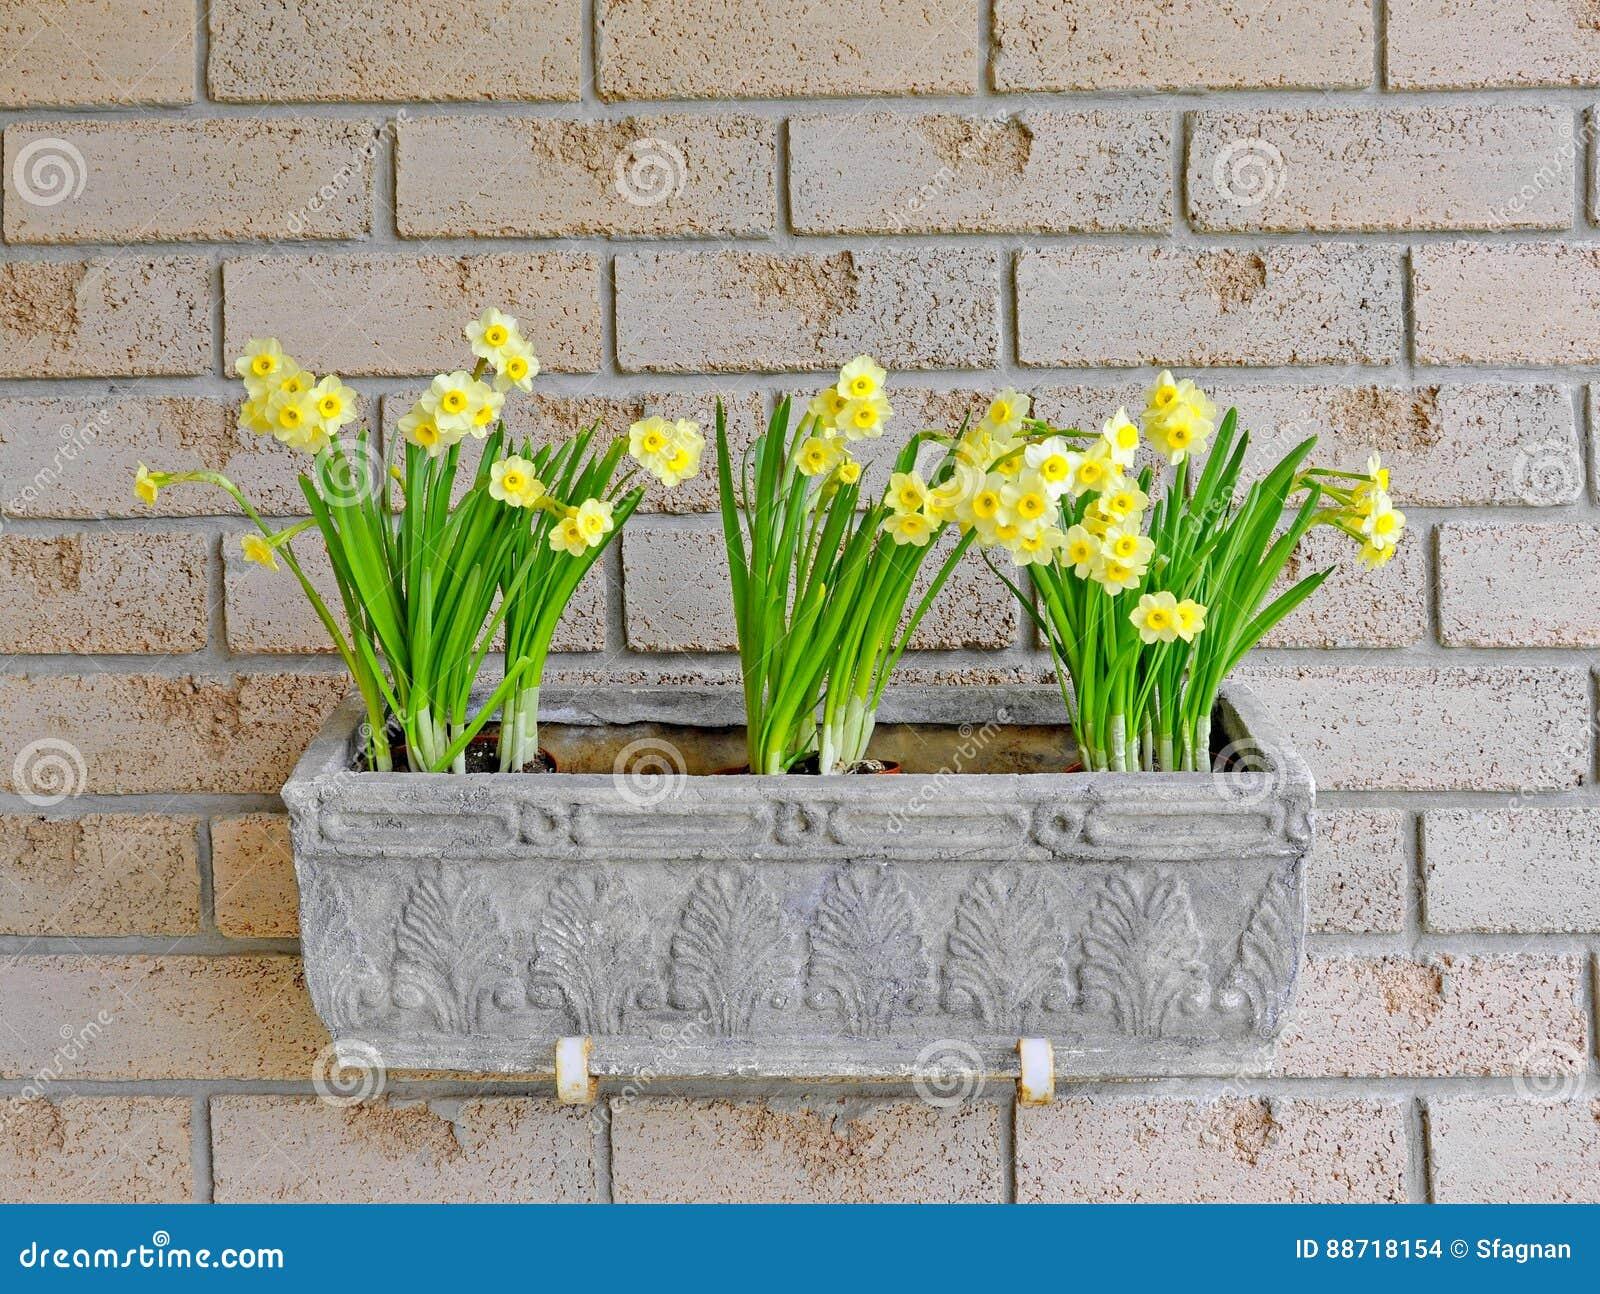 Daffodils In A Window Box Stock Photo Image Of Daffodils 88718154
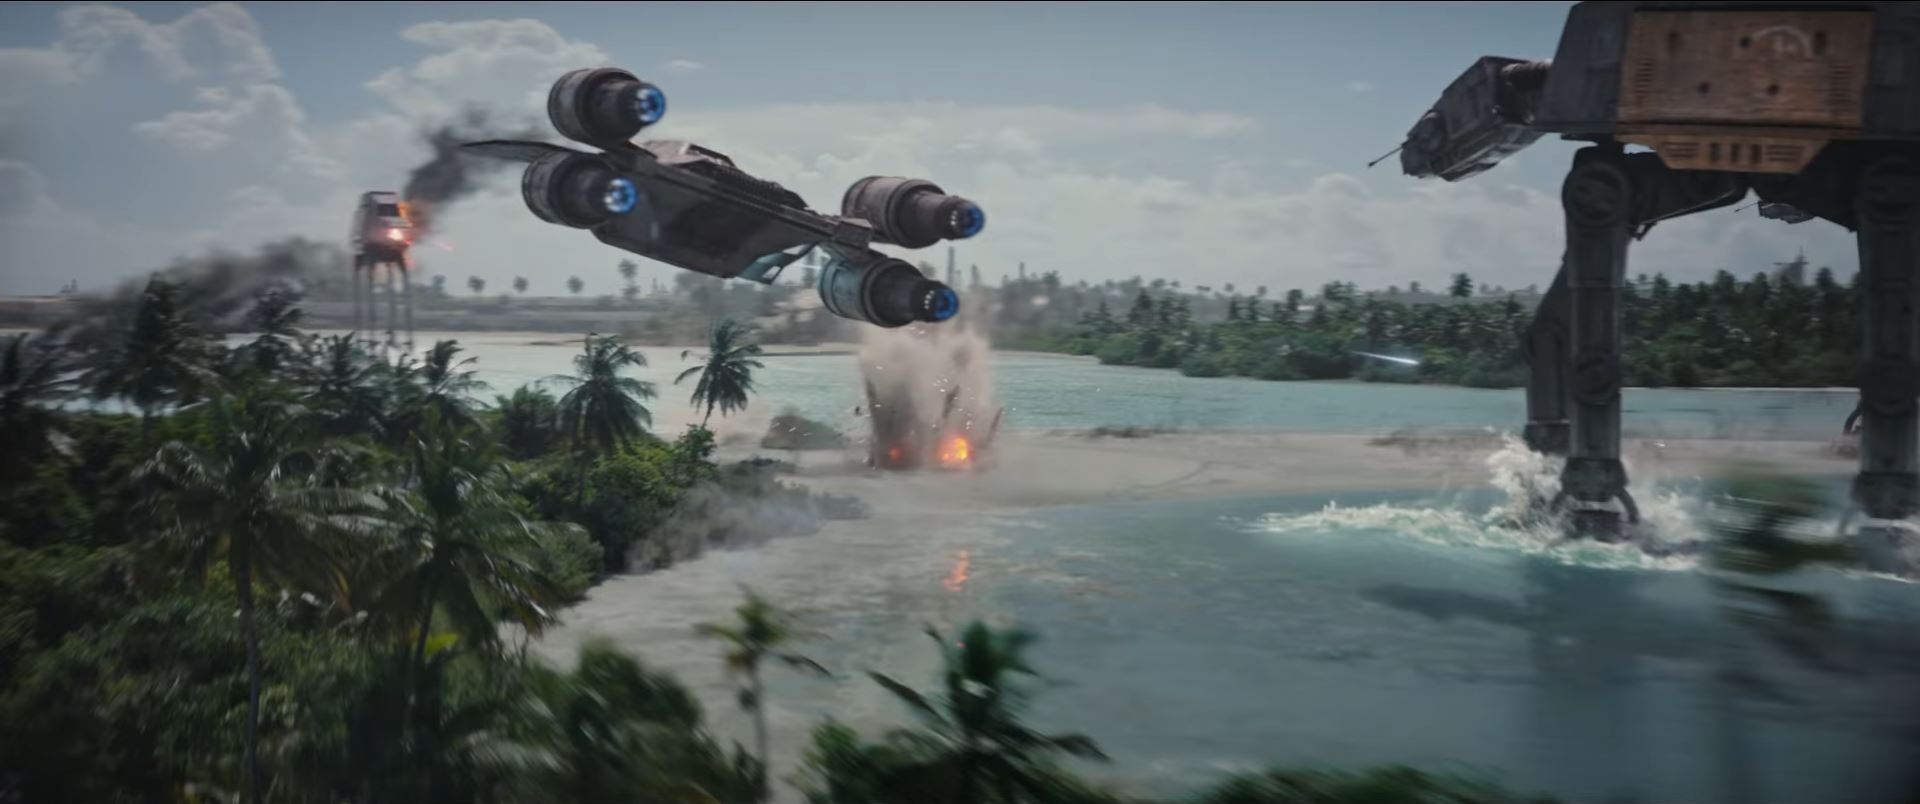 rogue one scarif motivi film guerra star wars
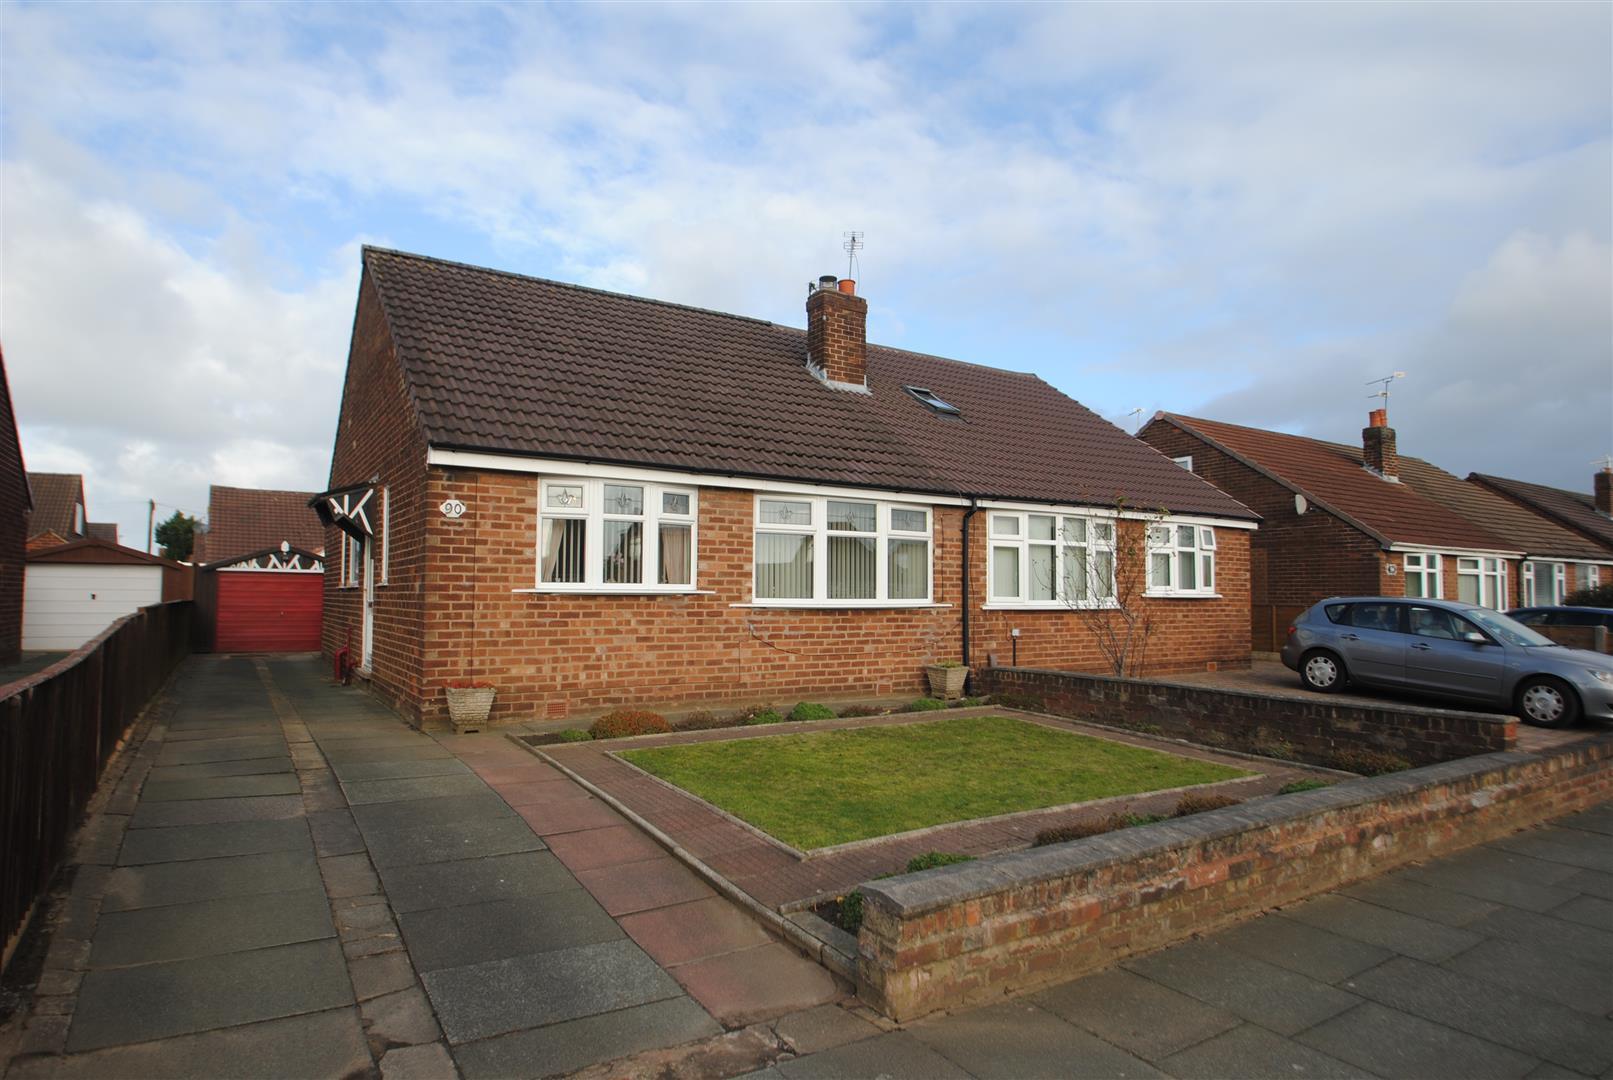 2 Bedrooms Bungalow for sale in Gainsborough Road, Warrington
+++
**Assigned task:**
All of the material goes into the answer exactly as it stands, except for the pictures.

**Response to the exercise:**
 Daffodils In A Window Box Stock Photo Image Of Daffodils 88718154
 rogue one scarif motivi film guerra star wars
 2 Bedrooms Bungalow for sale in Gainsborough Road, Warrington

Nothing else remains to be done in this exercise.